### What to do
Look below for the line containing "Disneyland Paris Grand Finale Header"; from there through the line containing "На раскраске изображено: Взрослые, Магазин", both lines included, please set down each line exactly and nothing else.
**** Task data ****
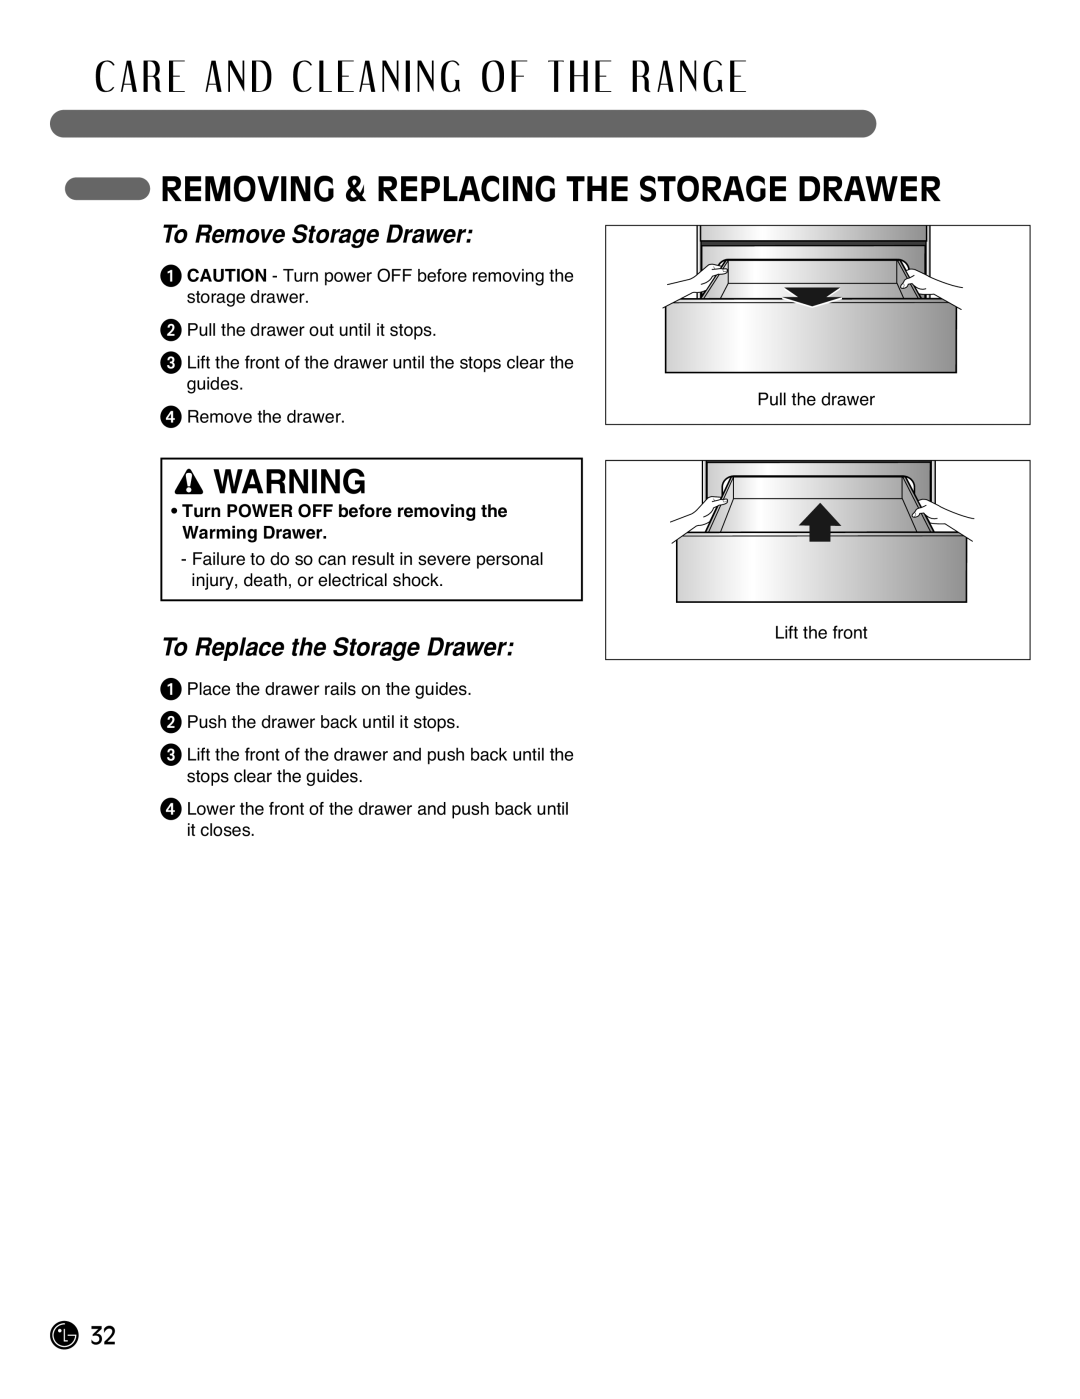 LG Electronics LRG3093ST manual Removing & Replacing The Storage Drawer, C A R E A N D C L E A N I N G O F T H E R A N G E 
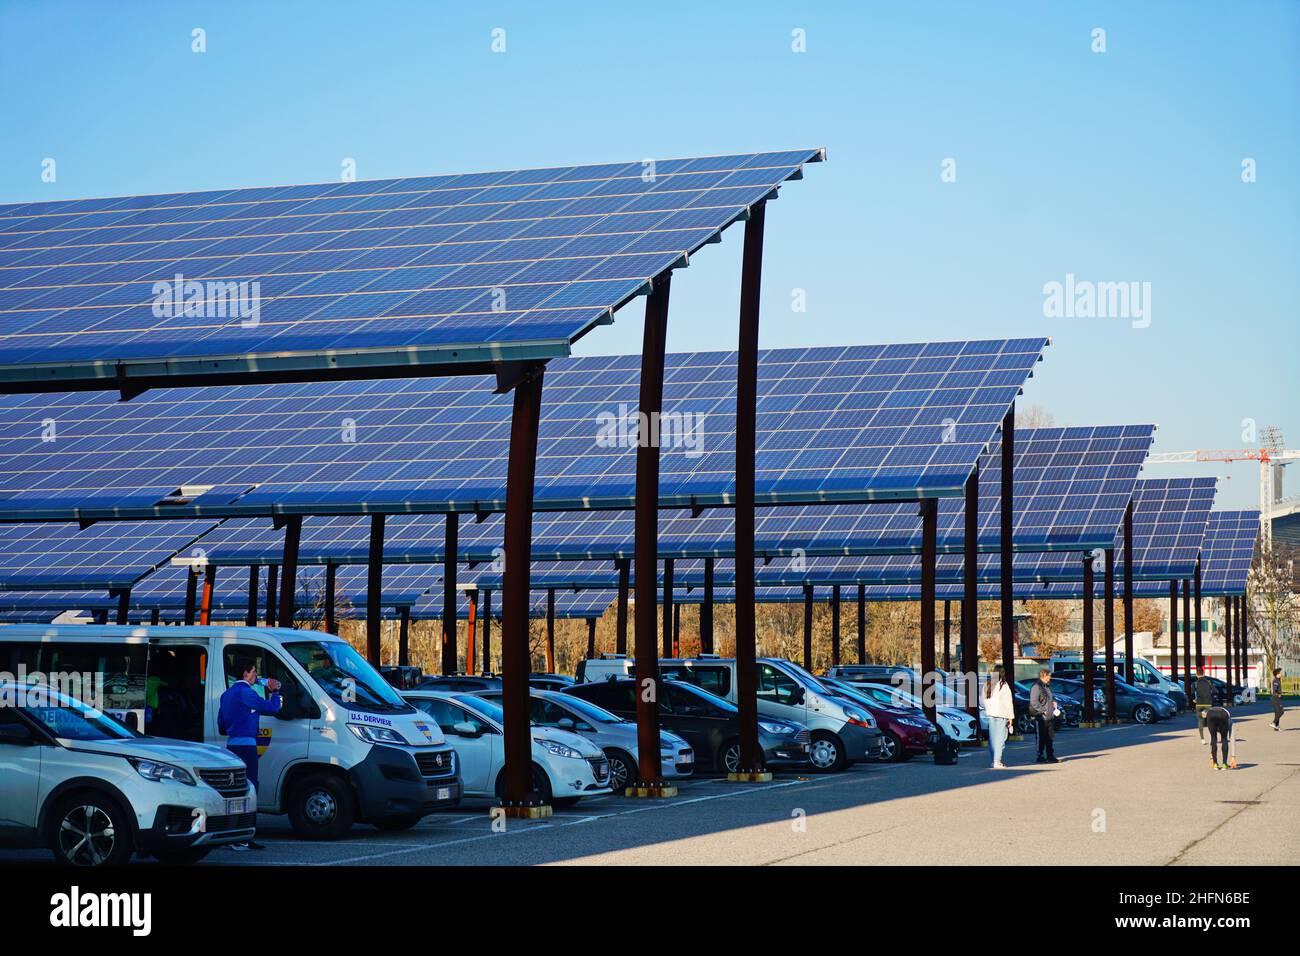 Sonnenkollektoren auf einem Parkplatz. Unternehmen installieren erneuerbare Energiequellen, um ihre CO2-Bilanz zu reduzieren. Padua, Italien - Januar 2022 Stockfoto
****
**** Task data ****
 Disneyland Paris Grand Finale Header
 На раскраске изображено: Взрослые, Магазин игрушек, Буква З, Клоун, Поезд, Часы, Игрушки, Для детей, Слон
****
### Solution to this exercise
 Disneyland Paris Grand Finale Header
 На раскраске изображено: Взрослые, Магазин игрушек, Буква З, Клоун, Поезд, Часы, Игрушки, Для детей, Слон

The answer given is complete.